[Entries taken from a collection]
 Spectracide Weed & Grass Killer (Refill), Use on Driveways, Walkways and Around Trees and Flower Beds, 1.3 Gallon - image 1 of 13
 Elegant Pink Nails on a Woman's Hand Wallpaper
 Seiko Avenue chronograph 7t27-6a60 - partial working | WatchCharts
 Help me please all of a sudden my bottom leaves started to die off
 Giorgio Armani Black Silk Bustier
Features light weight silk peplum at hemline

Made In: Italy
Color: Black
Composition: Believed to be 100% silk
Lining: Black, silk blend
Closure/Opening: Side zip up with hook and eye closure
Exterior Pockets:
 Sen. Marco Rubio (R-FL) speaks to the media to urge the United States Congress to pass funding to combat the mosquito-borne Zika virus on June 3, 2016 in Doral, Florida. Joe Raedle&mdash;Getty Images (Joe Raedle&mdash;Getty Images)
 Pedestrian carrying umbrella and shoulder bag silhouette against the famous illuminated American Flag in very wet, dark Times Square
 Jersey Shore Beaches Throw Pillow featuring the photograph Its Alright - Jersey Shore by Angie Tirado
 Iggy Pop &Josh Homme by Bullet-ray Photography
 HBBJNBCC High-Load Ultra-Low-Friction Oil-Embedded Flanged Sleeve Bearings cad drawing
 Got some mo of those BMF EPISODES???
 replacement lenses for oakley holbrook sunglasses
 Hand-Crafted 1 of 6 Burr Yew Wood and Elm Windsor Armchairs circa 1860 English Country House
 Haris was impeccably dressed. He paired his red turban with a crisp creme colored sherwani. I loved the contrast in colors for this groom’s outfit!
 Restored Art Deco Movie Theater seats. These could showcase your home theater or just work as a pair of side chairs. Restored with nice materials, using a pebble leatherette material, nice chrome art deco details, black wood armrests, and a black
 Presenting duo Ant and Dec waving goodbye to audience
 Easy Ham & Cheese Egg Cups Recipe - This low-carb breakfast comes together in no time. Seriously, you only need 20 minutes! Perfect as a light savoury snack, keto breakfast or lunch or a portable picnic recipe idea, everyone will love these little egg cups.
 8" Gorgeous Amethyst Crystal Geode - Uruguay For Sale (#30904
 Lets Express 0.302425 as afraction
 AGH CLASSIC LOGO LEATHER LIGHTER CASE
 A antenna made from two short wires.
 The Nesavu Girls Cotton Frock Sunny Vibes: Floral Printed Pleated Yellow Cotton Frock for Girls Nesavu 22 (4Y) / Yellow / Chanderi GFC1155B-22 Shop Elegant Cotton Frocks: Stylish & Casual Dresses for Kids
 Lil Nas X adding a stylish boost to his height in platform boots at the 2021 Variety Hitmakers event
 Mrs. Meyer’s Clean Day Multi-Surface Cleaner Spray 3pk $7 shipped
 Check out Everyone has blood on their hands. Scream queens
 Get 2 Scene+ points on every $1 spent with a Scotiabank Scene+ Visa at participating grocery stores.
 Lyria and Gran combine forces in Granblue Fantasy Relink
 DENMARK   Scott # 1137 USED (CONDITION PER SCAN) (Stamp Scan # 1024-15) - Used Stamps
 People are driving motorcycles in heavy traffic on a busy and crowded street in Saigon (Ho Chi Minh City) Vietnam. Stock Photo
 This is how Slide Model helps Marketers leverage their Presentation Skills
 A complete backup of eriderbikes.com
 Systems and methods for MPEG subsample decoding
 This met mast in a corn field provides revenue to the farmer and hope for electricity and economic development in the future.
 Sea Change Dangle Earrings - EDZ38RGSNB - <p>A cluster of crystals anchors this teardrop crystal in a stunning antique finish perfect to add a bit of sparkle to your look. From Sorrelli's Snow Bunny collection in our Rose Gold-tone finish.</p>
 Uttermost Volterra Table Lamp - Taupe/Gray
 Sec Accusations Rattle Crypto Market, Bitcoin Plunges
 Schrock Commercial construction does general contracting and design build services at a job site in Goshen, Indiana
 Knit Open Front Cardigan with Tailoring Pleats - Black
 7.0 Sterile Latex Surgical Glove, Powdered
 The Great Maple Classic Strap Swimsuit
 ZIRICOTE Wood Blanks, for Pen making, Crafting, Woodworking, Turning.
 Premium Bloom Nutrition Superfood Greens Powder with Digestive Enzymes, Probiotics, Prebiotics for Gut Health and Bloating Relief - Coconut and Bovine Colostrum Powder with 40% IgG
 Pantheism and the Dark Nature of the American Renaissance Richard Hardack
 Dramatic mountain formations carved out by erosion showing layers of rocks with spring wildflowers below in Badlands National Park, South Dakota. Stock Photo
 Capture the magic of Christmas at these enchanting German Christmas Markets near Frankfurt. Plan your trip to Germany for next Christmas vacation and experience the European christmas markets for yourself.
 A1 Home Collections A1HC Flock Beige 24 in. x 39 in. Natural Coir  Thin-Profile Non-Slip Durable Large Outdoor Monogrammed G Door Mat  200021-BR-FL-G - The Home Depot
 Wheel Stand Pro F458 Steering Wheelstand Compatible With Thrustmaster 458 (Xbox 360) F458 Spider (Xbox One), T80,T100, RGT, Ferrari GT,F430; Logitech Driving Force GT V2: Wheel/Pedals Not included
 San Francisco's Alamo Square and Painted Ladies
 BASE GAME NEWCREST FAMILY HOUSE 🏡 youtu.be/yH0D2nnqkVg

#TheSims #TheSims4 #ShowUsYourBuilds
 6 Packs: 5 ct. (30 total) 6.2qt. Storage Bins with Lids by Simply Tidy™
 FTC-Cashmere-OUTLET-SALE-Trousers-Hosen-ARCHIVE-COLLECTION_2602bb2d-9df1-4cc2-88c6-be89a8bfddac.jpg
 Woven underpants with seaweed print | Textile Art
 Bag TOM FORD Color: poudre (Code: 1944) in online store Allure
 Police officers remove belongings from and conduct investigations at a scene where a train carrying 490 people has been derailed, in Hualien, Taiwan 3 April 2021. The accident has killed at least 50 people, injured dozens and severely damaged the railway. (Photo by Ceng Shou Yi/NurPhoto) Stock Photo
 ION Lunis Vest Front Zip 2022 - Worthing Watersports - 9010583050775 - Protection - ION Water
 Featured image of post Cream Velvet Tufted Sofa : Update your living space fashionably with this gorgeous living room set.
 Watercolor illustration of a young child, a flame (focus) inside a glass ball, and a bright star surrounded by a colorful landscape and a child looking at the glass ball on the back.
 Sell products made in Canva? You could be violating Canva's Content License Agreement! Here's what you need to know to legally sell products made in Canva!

### Work instruction
All of the records need to be returned exactly as they are.

### Written solution
 Spectracide Weed & Grass Killer (Refill), Use on Driveways, Walkways and Around Trees and Flower Beds, 1.3 Gallon - image 1 of 13
 Elegant Pink Nails on a Woman's Hand Wallpaper
 Seiko Avenue chronograph 7t27-6a60 - partial working | WatchCharts
 Help me please all of a sudden my bottom leaves started to die off
 Giorgio Armani Black Silk Bustier
Features light weight silk peplum at hemline

Made In: Italy
Color: Black
Composition: Believed to be 100% silk
Lining: Black, silk blend
Closure/Opening: Side zip up with hook and eye closure
Exterior Pockets:
 Sen. Marco Rubio (R-FL) speaks to the media to urge the United States Congress to pass funding to combat the mosquito-borne Zika virus on June 3, 2016 in Doral, Florida. Joe Raedle&mdash;Getty Images (Joe Raedle&mdash;Getty Images)
 Pedestrian carrying umbrella and shoulder bag silhouette against the famous illuminated American Flag in very wet, dark Times Square
 Jersey Shore Beaches Throw Pillow featuring the photograph Its Alright - Jersey Shore by Angie Tirado
 Iggy Pop &Josh Homme by Bullet-ray Photography
 HBBJNBCC High-Load Ultra-Low-Friction Oil-Embedded Flanged Sleeve Bearings cad drawing
 Got some mo of those BMF EPISODES???
 replacement lenses for oakley holbrook sunglasses
 Hand-Crafted 1 of 6 Burr Yew Wood and Elm Windsor Armchairs circa 1860 English Country House
 Haris was impeccably dressed. He paired his red turban with a crisp creme colored sherwani. I loved the contrast in colors for this groom’s outfit!
 Restored Art Deco Movie Theater seats. These could showcase your home theater or just work as a pair of side chairs. Restored with nice materials, using a pebble leatherette material, nice chrome art deco details, black wood armrests, and a black
 Presenting duo Ant and Dec waving goodbye to audience
 Easy Ham & Cheese Egg Cups Recipe - This low-carb breakfast comes together in no time. Seriously, you only need 20 minutes! Perfect as a light savoury snack, keto breakfast or lunch or a portable picnic recipe idea, everyone will love these little egg cups.
 8" Gorgeous Amethyst Crystal Geode - Uruguay For Sale (#30904
 Lets Express 0.302425 as afraction
 AGH CLASSIC LOGO LEATHER LIGHTER CASE
 A antenna made from two short wires.
 The Nesavu Girls Cotton Frock Sunny Vibes: Floral Printed Pleated Yellow Cotton Frock for Girls Nesavu 22 (4Y) / Yellow / Chanderi GFC1155B-22 Shop Elegant Cotton Frocks: Stylish & Casual Dresses for Kids
 Lil Nas X adding a stylish boost to his height in platform boots at the 2021 Variety Hitmakers event
 Mrs. Meyer’s Clean Day Multi-Surface Cleaner Spray 3pk $7 shipped
 Check out Everyone has blood on their hands. Scream queens
 Get 2 Scene+ points on every $1 spent with a Scotiabank Scene+ Visa at participating grocery stores.
 Lyria and Gran combine forces in Granblue Fantasy Relink
 DENMARK   Scott # 1137 USED (CONDITION PER SCAN) (Stamp Scan # 1024-15) - Used Stamps
 People are driving motorcycles in heavy traffic on a busy and crowded street in Saigon (Ho Chi Minh City) Vietnam. Stock Photo
 This is how Slide Model helps Marketers leverage their Presentation Skills
 A complete backup of eriderbikes.com
 Systems and methods for MPEG subsample decoding
 This met mast in a corn field provides revenue to the farmer and hope for electricity and economic development in the future.
 Sea Change Dangle Earrings - EDZ38RGSNB - <p>A cluster of crystals anchors this teardrop crystal in a stunning antique finish perfect to add a bit of sparkle to your look. From Sorrelli's Snow Bunny collection in our Rose Gold-tone finish.</p>
 Uttermost Volterra Table Lamp - Taupe/Gray
 Sec Accusations Rattle Crypto Market, Bitcoin Plunges
 Schrock Commercial construction does general contracting and design build services at a job site in Goshen, Indiana
 Knit Open Front Cardigan with Tailoring Pleats - Black
 7.0 Sterile Latex Surgical Glove, Powdered
 The Great Maple Classic Strap Swimsuit
 ZIRICOTE Wood Blanks, for Pen making, Crafting, Woodworking, Turning.
 Premium Bloom Nutrition Superfood Greens Powder with Digestive Enzymes, Probiotics, Prebiotics for Gut Health and Bloating Relief - Coconut and Bovine Colostrum Powder with 40% IgG
 Pantheism and the Dark Nature of the American Renaissance Richard Hardack
 Dramatic mountain formations carved out by erosion showing layers of rocks with spring wildflowers below in Badlands National Park, South Dakota. Stock Photo
 Capture the magic of Christmas at these enchanting German Christmas Markets near Frankfurt. Plan your trip to Germany for next Christmas vacation and experience the European christmas markets for yourself.
 A1 Home Collections A1HC Flock Beige 24 in. x 39 in. Natural Coir  Thin-Profile Non-Slip Durable Large Outdoor Monogrammed G Door Mat  200021-BR-FL-G - The Home Depot
 Wheel Stand Pro F458 Steering Wheelstand Compatible With Thrustmaster 458 (Xbox 360) F458 Spider (Xbox One), T80,T100, RGT, Ferrari GT,F430; Logitech Driving Force GT V2: Wheel/Pedals Not included
 San Francisco's Alamo Square and Painted Ladies
 BASE GAME NEWCREST FAMILY HOUSE 🏡 youtu.be/yH0D2nnqkVg

#TheSims #TheSims4 #ShowUsYourBuilds
 6 Packs: 5 ct. (30 total) 6.2qt. Storage Bins with Lids by Simply Tidy™
 FTC-Cashmere-OUTLET-SALE-Trousers-Hosen-ARCHIVE-COLLECTION_2602bb2d-9df1-4cc2-88c6-be89a8bfddac.jpg
 Woven underpants with seaweed print | Textile Art
 Bag TOM FORD Color: poudre (Code: 1944) in online store Allure
 Police officers remove belongings from and conduct investigations at a scene where a train carrying 490 people has been derailed, in Hualien, Taiwan 3 April 2021. The accident has killed at least 50 people, injured dozens and severely damaged the railway. (Photo by Ceng Shou Yi/NurPhoto) Stock Photo
 ION Lunis Vest Front Zip 2022 - Worthing Watersports - 9010583050775 - Protection - ION Water
 Featured image of post Cream Velvet Tufted Sofa : Update your living space fashionably with this gorgeous living room set.
 Watercolor illustration of a young child, a flame (focus) inside a glass ball, and a bright star surrounded by a colorful landscape and a child looking at the glass ball on the back.
 Sell products made in Canva? You could be violating Canva's Content License Agreement! Here's what you need to know to legally sell products made in Canva!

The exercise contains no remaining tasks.